Half-clothed or not, Josh Hartnett is a great actor.
Remember back in the late 1990s and early 2000s, when Hartnett was being primed to be the next big leading man? And then how his career never quite took off the way his handlers and Hollywood had planned, and he settled into being more of a offbeat character actor that seemed to add interesting angles to even the smallest parts? If Oppenheimer gave him the kind of smaller, but still key supporting role that suggested a potential Hartnettsaissance on the horizon, Trap fully coronates his “indie-weirdo” comeback phase. He’s the best part of the movie by a long shot, fully committing to letting his inner cleaver-wielding deviant continually peek through his Ward Cleaver act.
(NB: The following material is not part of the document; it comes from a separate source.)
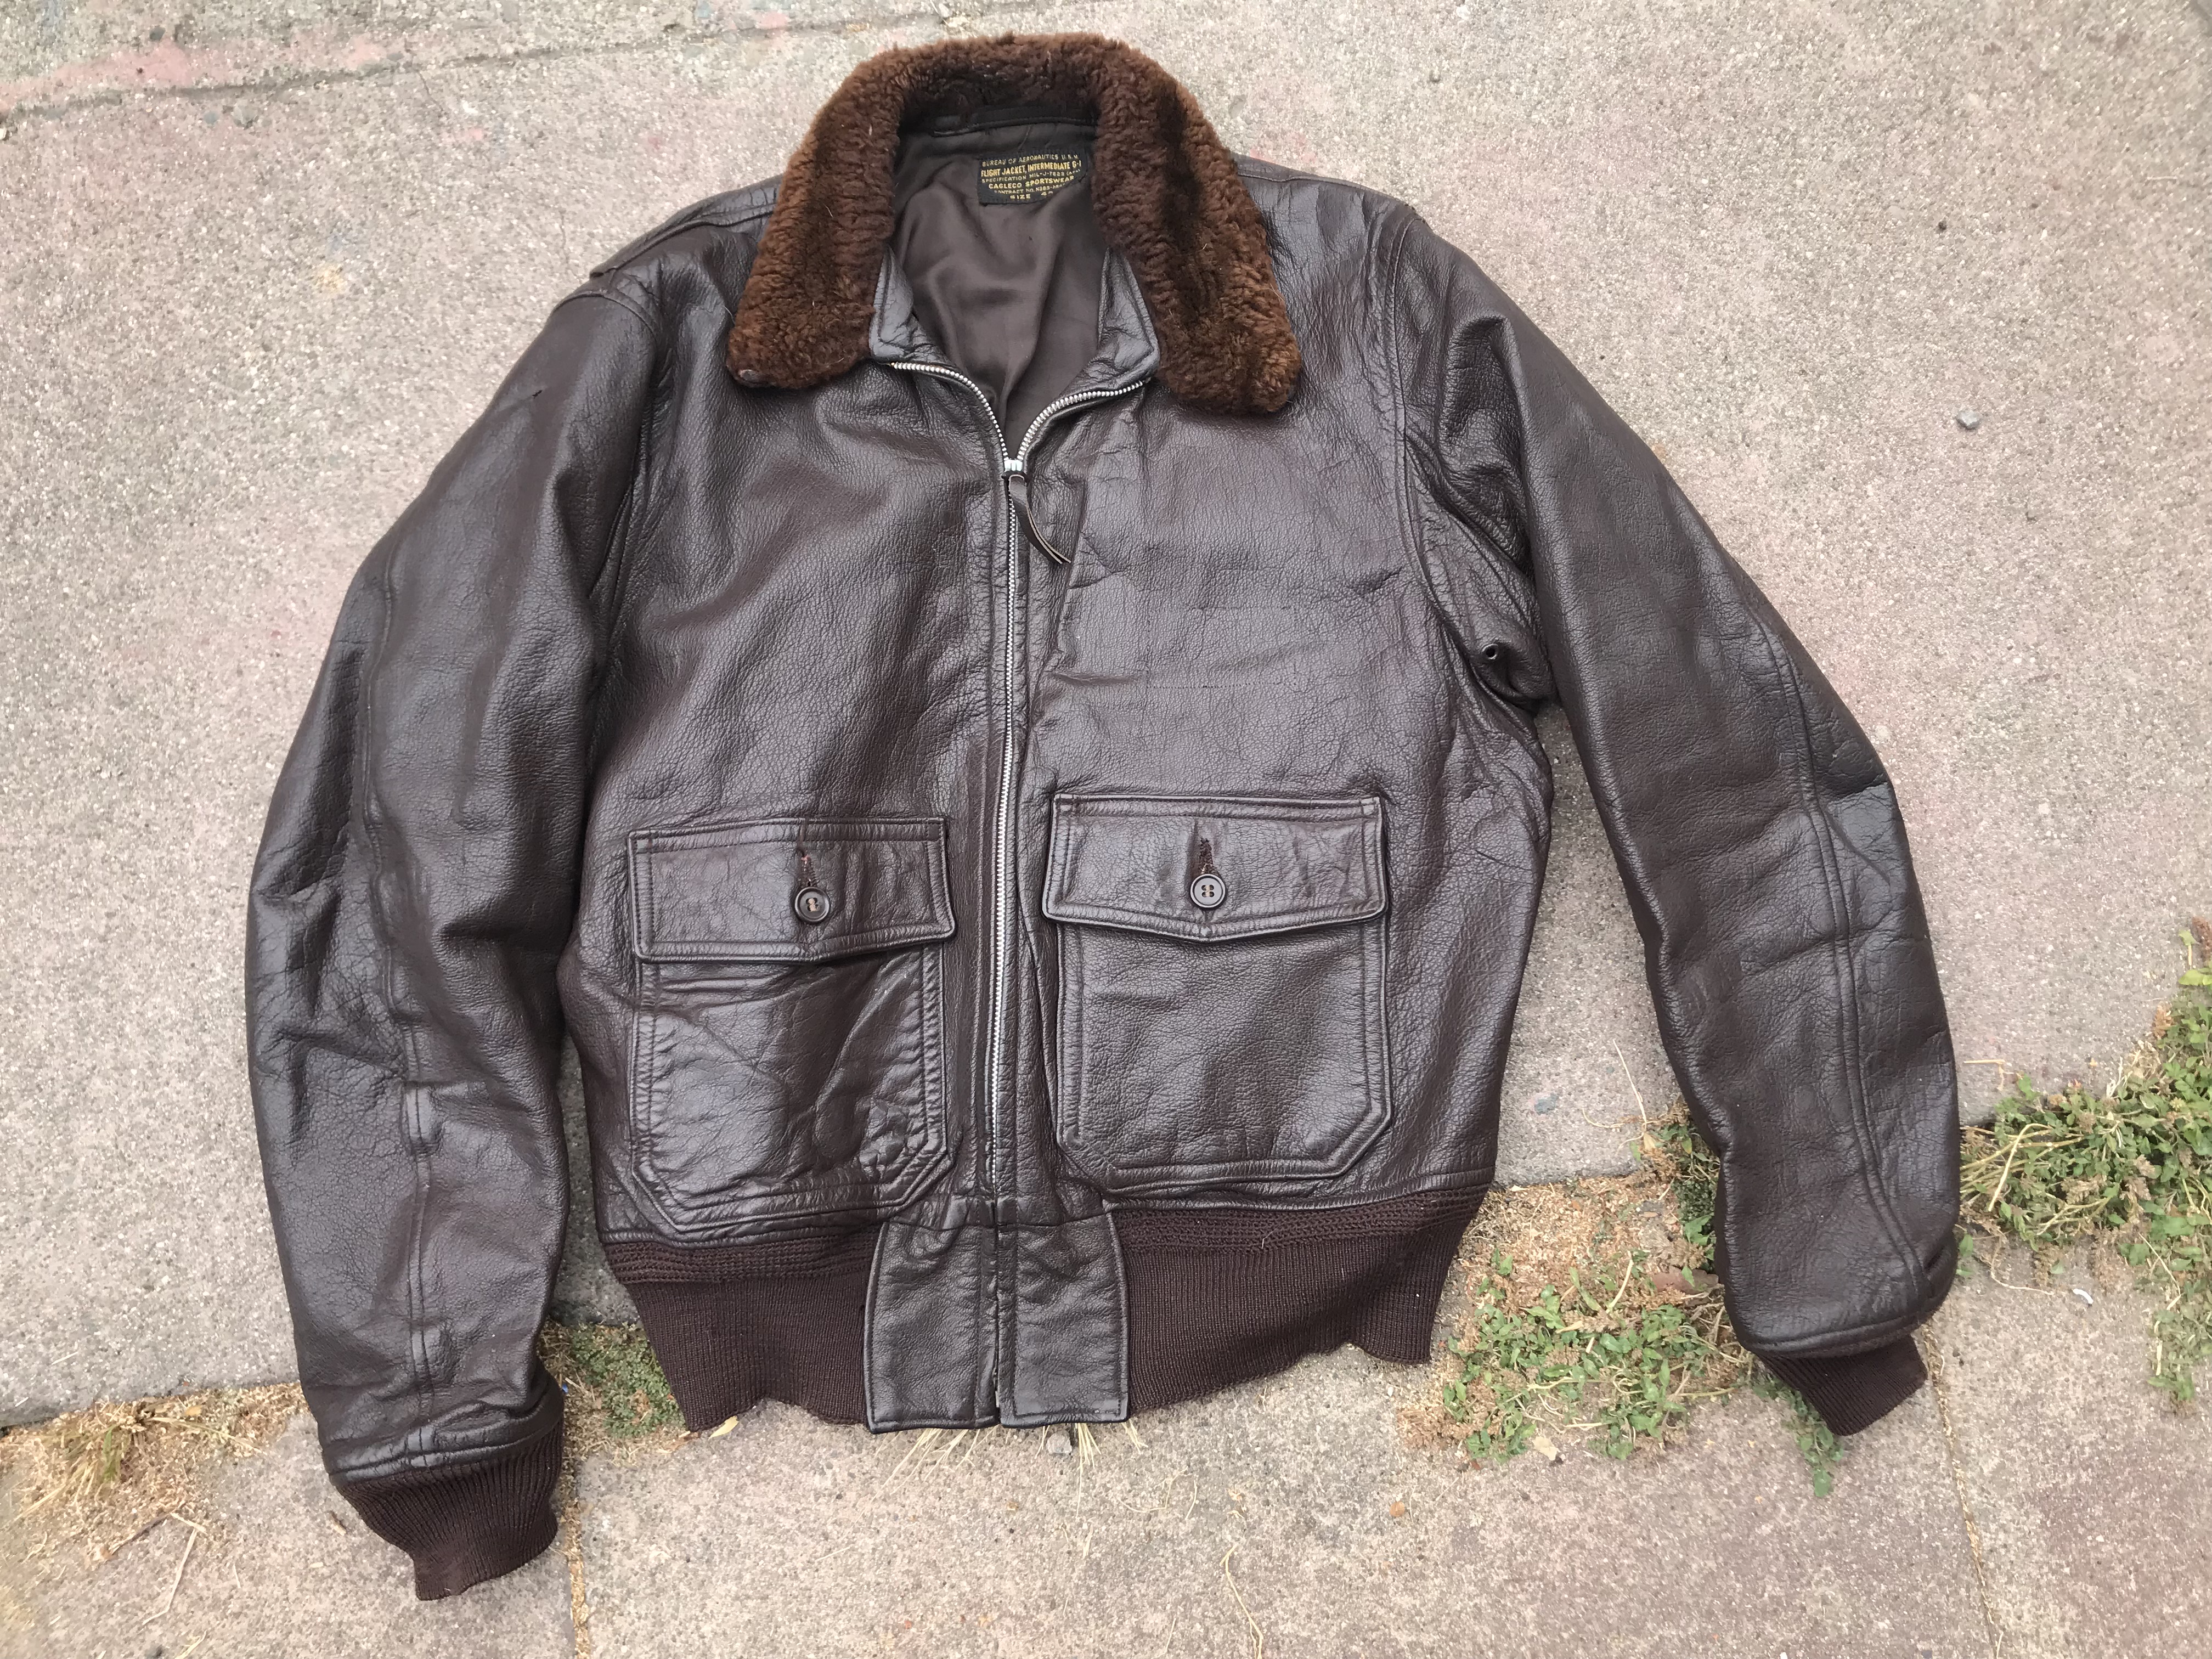 Eastman G-1 jacket | Page 2 | Vintage Leather Jackets Forum

And when M. Night makes him do the whole multiple-personality pathology thing — a well the filmmaker has gone to before, with better results — Hartnett lets you see this monster disintegrate before your eyes. We hope this nabs him a dozen more jobs. (We should also note that not everybody equal in terms of acting talent in this ensemble, and we’ll just leave this notion as a blind item.)

M. Night Shyamalan is an even better dad.
Say what you will about the Sixth Sense filmmaker, who’s had more professional/quality-control ups and downs than the Coney Island Cyclone: The man will do anything for his kids. He produced his daughter Ishana Shyamalan’s directorial debut The Watchers, and he’s essentially designed Trap to be a big showcase for his other daughter Saleeka. She’s a real-life musician who dropped an album last year, and wrote the songs she performs as Lady Raven. And when you view this misbegotten thriller as a means of exposure for a budding pop star rather than, say, a film in which your disbelief is suspended and your nerves are adequately shredded instead of leaving your funny bone bruised, you can call it a complete success. We have no idea how the public will take to Trap over the long run, Mr. Shyamalan. But we’re pretty sure there’s a World’s Best Dad mug in your near future, sir.